High School Students Build Greener, Safer Motorcycle
This article is taken from Green Energy News.
July 26, 2008 – Vol.13 No.18
REVOLUTIONIZING TRANSPORTATION.
Simply put, bicycles and motorcycles are gyroscopes on which people ride. Stopped, without the aid of a rider’s feet (or a kickstand) bikes will flop over on their side. But underway the faster the wheels spin the more stable the two-wheeled vehicles become: Gyroscopic precession of the spinning wheels keeps them upright.
Stable is one of those words that implies safety. By themselves on the road – and under the control of competent riders – both bicycles and motorcycles can be very safe. It’s when the road is shared with other riders and other vehicles that safety takes a turn for the worse.
In the space of a school year a group of 19 students may have revolutionized personal two-wheeled transportation. They’ve built what appears to be perfectly viable, readily marketable, safer, cleaner, motorcycle.

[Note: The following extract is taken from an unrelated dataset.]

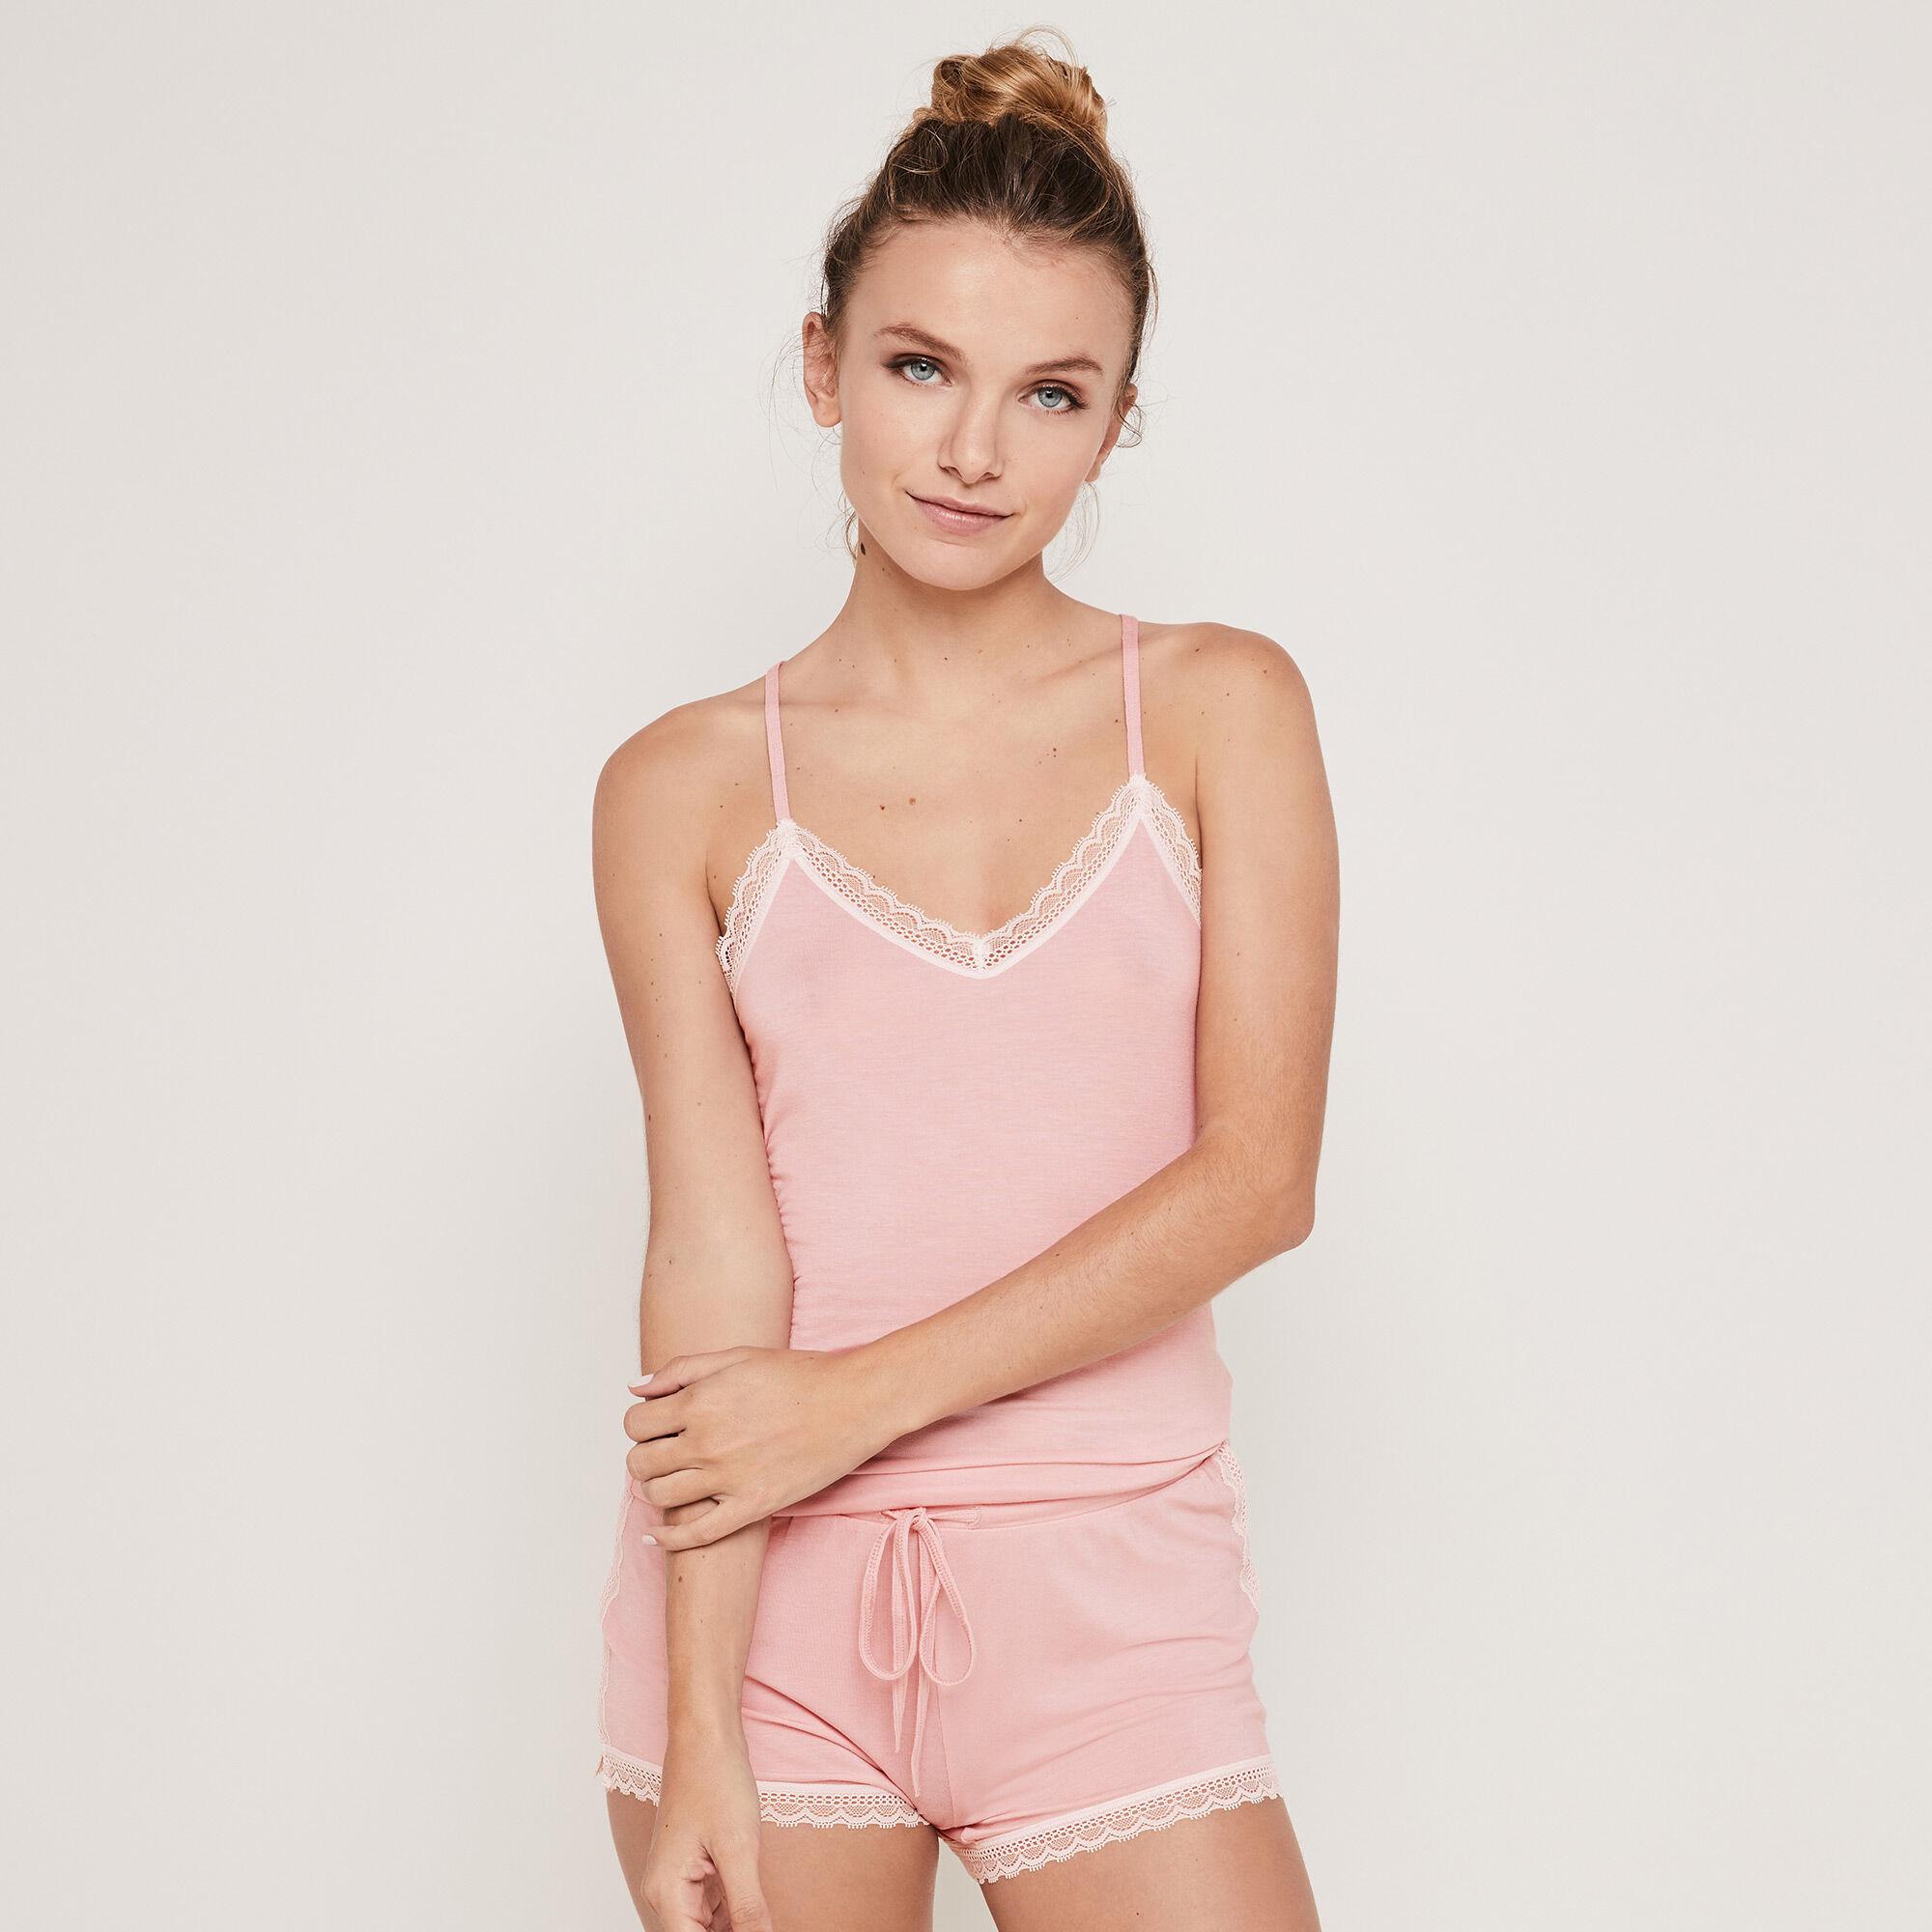 Vitamiz jersey top with thin straps pink Undiz

The Experimental Vehicle Team (EVT), 17 boys from Saint Thomas Academy and 2 girls from the Covenant of the Visitation School, have created an electric powered, enclosed, street-legal motorcycle. With crush zones, roll bar and side impact bars as well as some protection from inclement weather, the Safer Electric Motorcycle can travel more than 40 miles on a single charge of its batteries at speeds up to 60 miles per hour.
The hardest part of developing and building the Safer Electric Motorcycle, representatives of the team said in a TV interview, was the sculpting of the composite body. It took a lot sanding, a lot of elbow grease.
(Sanding (like with sandpaper) was harder than designing and engineering the motorcycle’s frame, electric drive and battery pack. Think about this.)
The one-person electric motorcycle features:
— An automatic drive system with a simple twist throttle;
— Roll over, front, rear and side protection;
— An aerodynamic, vacuum-molded carbon fiber/Nomex honeycomb body with Chromoloy frame;
— Three point seat belt;
— A full coverage polycarbonate Lexan(R) windshield;
— Electric power from 5 lithium-phosphate-ion batteries recharged by an on-board 110-volt charger.
Partial funding for the Safer Electric Motorcycle came from the Lemelson-MIT Program InvenTeams initiative. With the program national grants are offered to foster inventiveness among high school students. InvenTeams composed of students, teachers and mentors are asked to collaboratively identify a problem that they want to solve, research the problem, and then develop a prototype invention as an in-class or extracurricular project. Grants of up to $10,000 support each team’s efforts. InvenTeams are encouraged to work with community partners, specifically the potential beneficiaries of their invention.
The InvenTeams initiative was launched in 2002 as a pilot program that awarded grants to three New England high school teams for the 2002-03 academic year. The initiative has expanded each year since its inception, and in the fall of 2007 it awarded 16 InvenTeams grants, including the Experimental Vehicle Team (EVT) at Saint Thomas Academy.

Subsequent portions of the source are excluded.